Thursday, April 4, 2013

Writing Game: Haiku Riddles, Tanka Summaries

In keeping with the today's haiku theme. Although this exercise is not about writing poetry, per se, you can certainly use it that way, too. I was inspired by a slightly simpler activity in the amazing Games for Writing by Peggy Kaye.

Audience: None, apart from student and teacher.

Purpose: It's a short game, meant for practice and fun. Capture key details of an object or person so that your partner can guess what (or who) it is.

Also good to know: Haiku and Tanka are Japanese poetry forms that are meant to express the essential feeling or image of a season, an emotion, an event. They are very short, and demand concision and accuracy.

Haiku are three lines long, with only seventeen syllables in all:
5 syllables
7 syllables
5 syllables

Tanka give you a little more to work with: 5 lines, 31 syllables:
5 syllables
7 syllables
5 syllables
7 syllables
7 syllables

What I did:
  1. Sold it by calling it a riddle game: Haiku Riddles.
  2. Briefly explained what syllables are (break the word into sections: skate-board. Dis-ney-land. Clap once for each section as you say it. Fro-zen yo-gurt: clap-clap, clap-clap.).
  3. Then I talked about haiku, and we looked at an example. (They are a dime a dozen on the Internet.)
  4. Let's play a game! I'll pick a Star Wars character and I'll make up (and write) a haiku describing the character. You have to guess who I picked.
  5. Great! You got it! Now it's your turn.
  6. And so on for two or three more.

Examples (click here for a couple more):
He is a gangster.
He is based on Tatooine.
A big, stinky slug.

Who wears a Rader stick?
He works for the Republic.
Anikin is his main genral.

  • Tai started out with 5-7-5 words instead of syllables, which was totally okay with me.
  • I did not correct spelling. The point was to get him to think of the salient characteristics of his characters, to write about them, and to have fun.
  • I think it's important to do these together. This makes it a game instead of an assignment.
  • After we had done a couple of these, Tai wanted to do more—a good sign.

  • For an added challenge, you can start with a list of characters and forbid certain words: don't allow green and short for Yoda, for example. 
  • Use this game with household objects, places, famous people, books, movies.
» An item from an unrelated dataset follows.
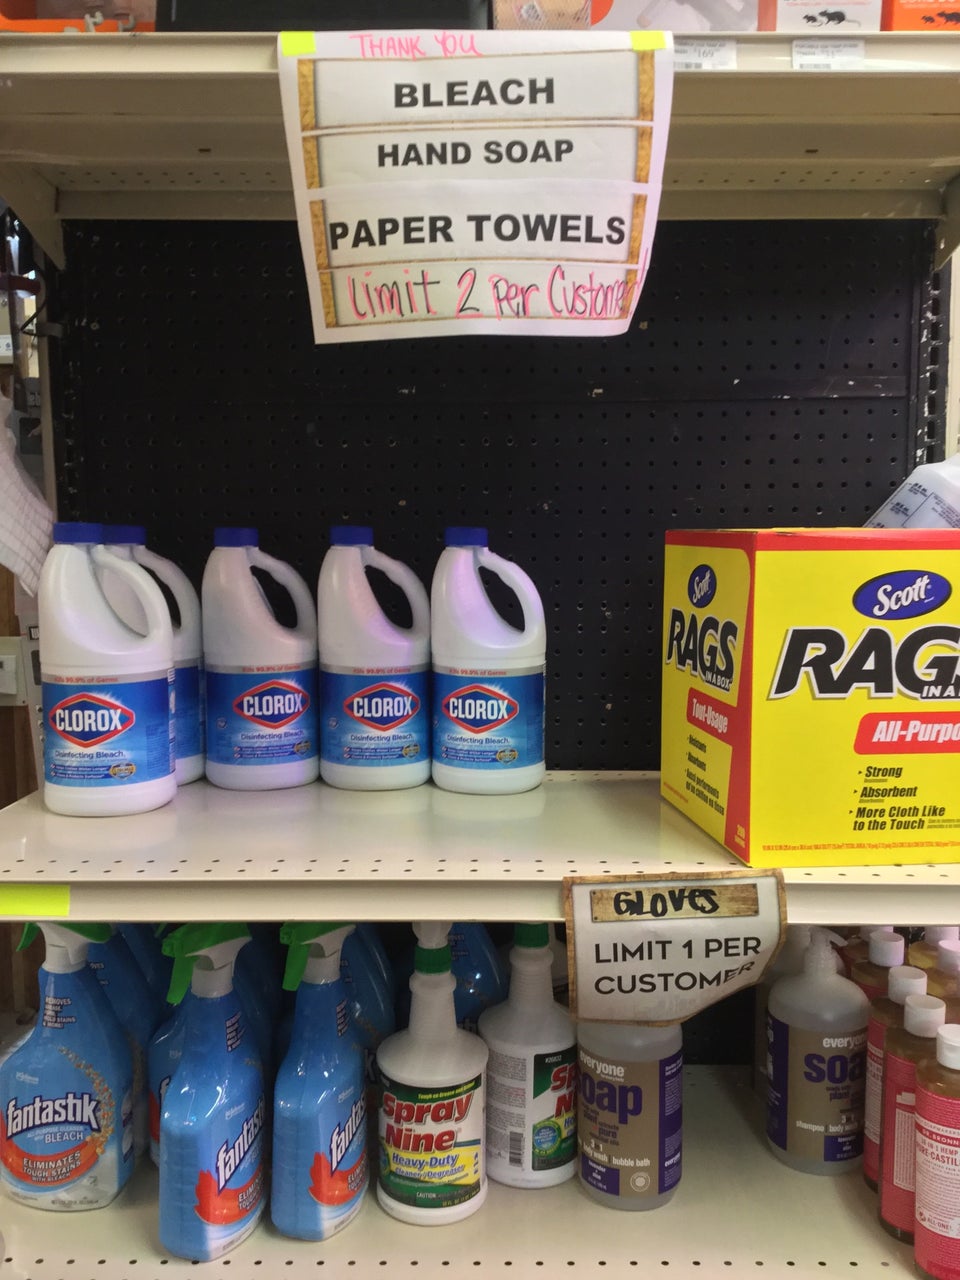 Shelves with Clorox bleach, Scott rags, under a sign stating limit 2 per customer, gloves limit 1 per customer, other cleaning supplies below.

For books and movies, it doesn't have to be a summary. The Hobbit could be something like

Bilbo Baggins and 
A lot of dwarves and Gandalf
Goblins, trolls and Wargs*
  • Or do make the game into a summary game. See if you can condense a familiar story down to a haiku or tanka—a fairy tale, a fable? Say that the poem should cover the major ideas, events, or settings in a piece of text. Here's Tai's tanka, using words instead of syllables, about the hardships of the overland passage during the Gold Rush. We brainstormed a few details first, and then he wrote:
The 40-Mile Desert was horrible.
There was tons of dead animals everywhere.
The sun was scorching hot.
There was cholera constantly, deaths were commen
Towns were scarce and food was scarce.

Would he have written a paragraph about the hardships of the overland passage? No way. But he didn't mind writing the tanka. Because I set a limit on the number of words, he thought he was getting away with something. Also, I didn't say the dirty word, “paragraph”.

Questions, comments, or improvements, please.

*Yes, we are total geeks in our family.